As before, the plot is relatively slight. What keeps you reading is what made Evans a successful scriptwriter for the film (from her novel) Their Finest: her remarkably vivid recreation of British life during the war, and her characters. From Vee and Noel to the most incidental civilians, these are given a pathos and vitality that made me laugh aloud. Vee’s dishonesty is not the kind that makes you root for Highsmith’s Ripley. It is impulsive, sympathetic and brave, as a means of saving both an awkward child and her own self-respect during a time of chaos, crime and mortal peril.

There is a predictable escape from a bomb, quiet heroism and bad behaviour.
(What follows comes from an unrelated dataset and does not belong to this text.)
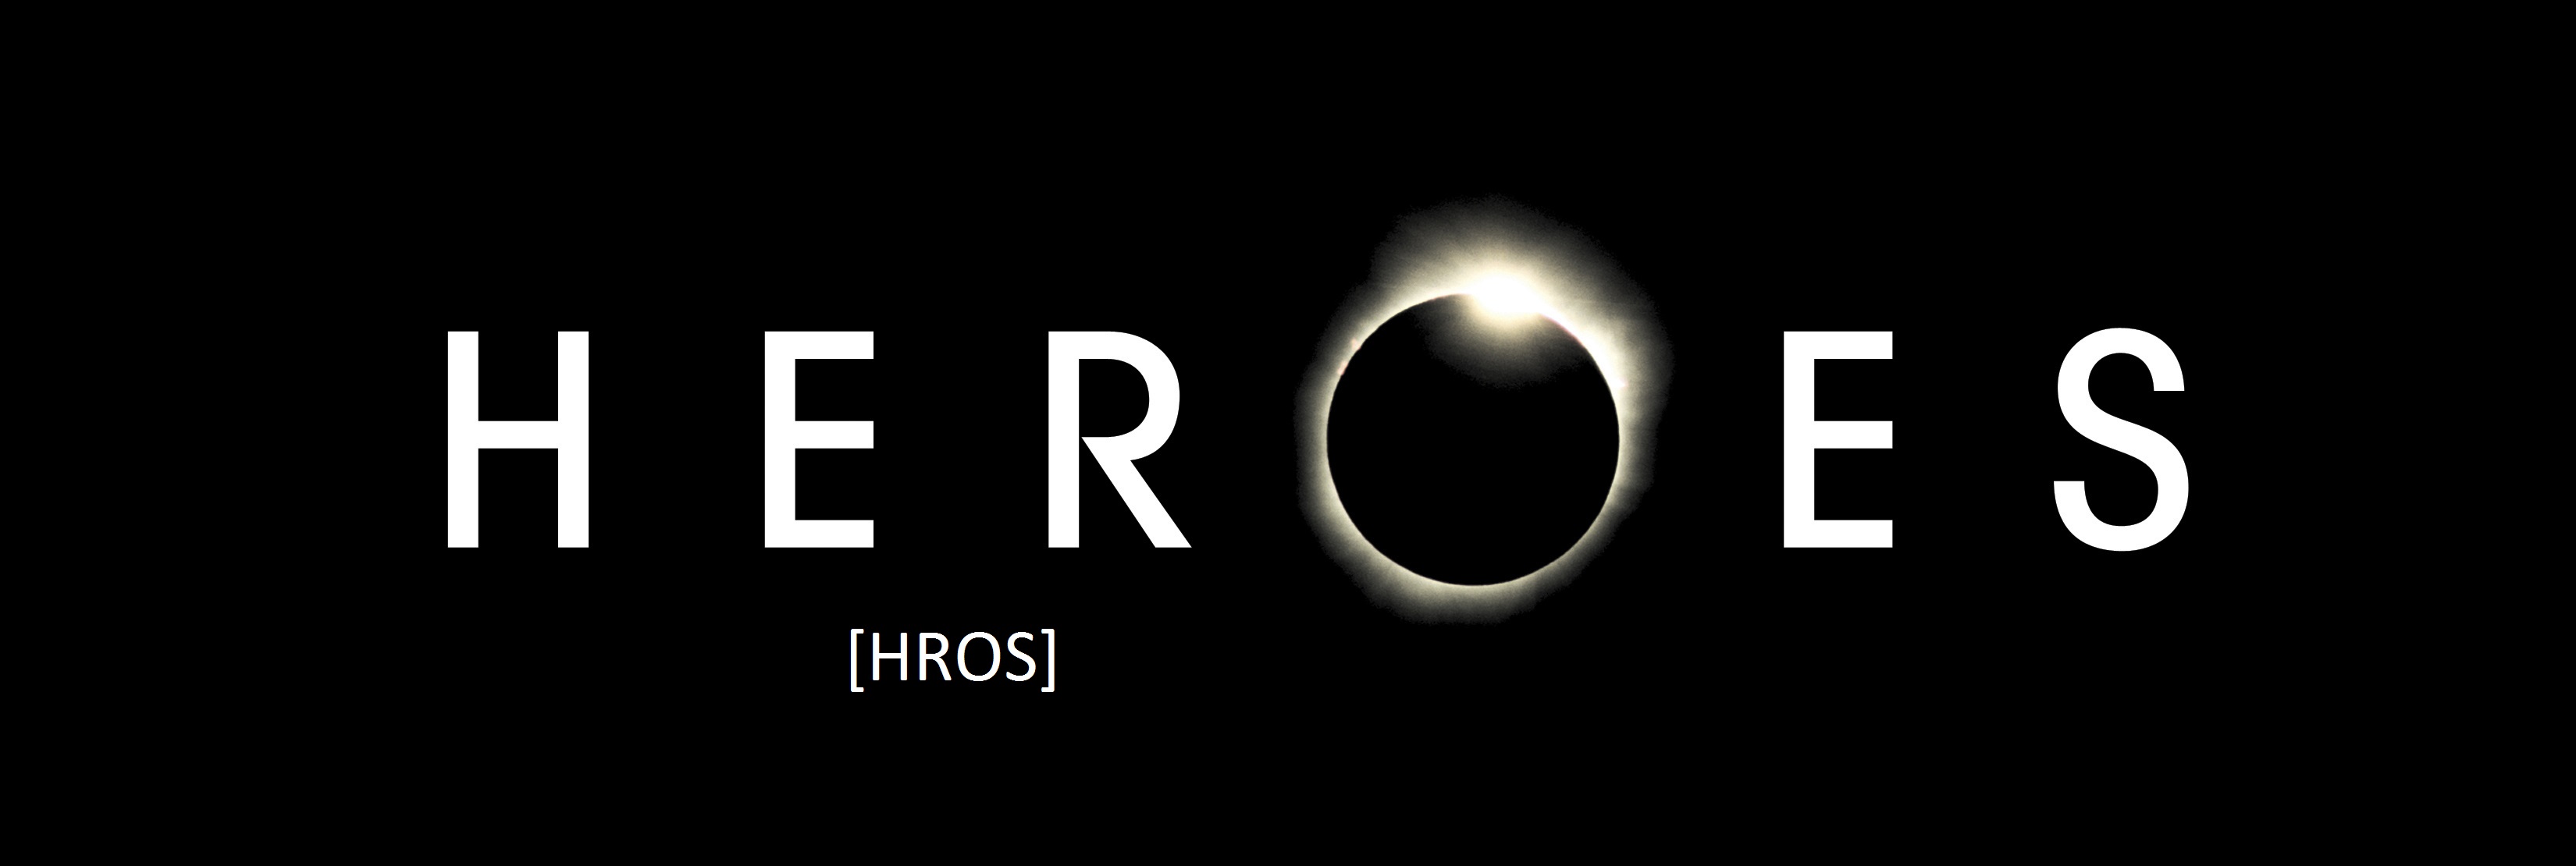 Heroes_logo.jpg

Her characters, almost all marginalised, bristle with intelligence, and too much of this can be annoying. Noel is not just a walking encyclopaedia teaching himself geography and history, and a first-rate cook, he even speaks Polish. Nevertheless, he engages, though not quite as much as the bullied local journalist Jepson or Winnie do. When our hero finally discovers who both his parents are, it leaves the reader happy at the end of a delightful novel but wondering how long he and Vee will have to enjoy the ordinary life before it is populated by the likes of Avril.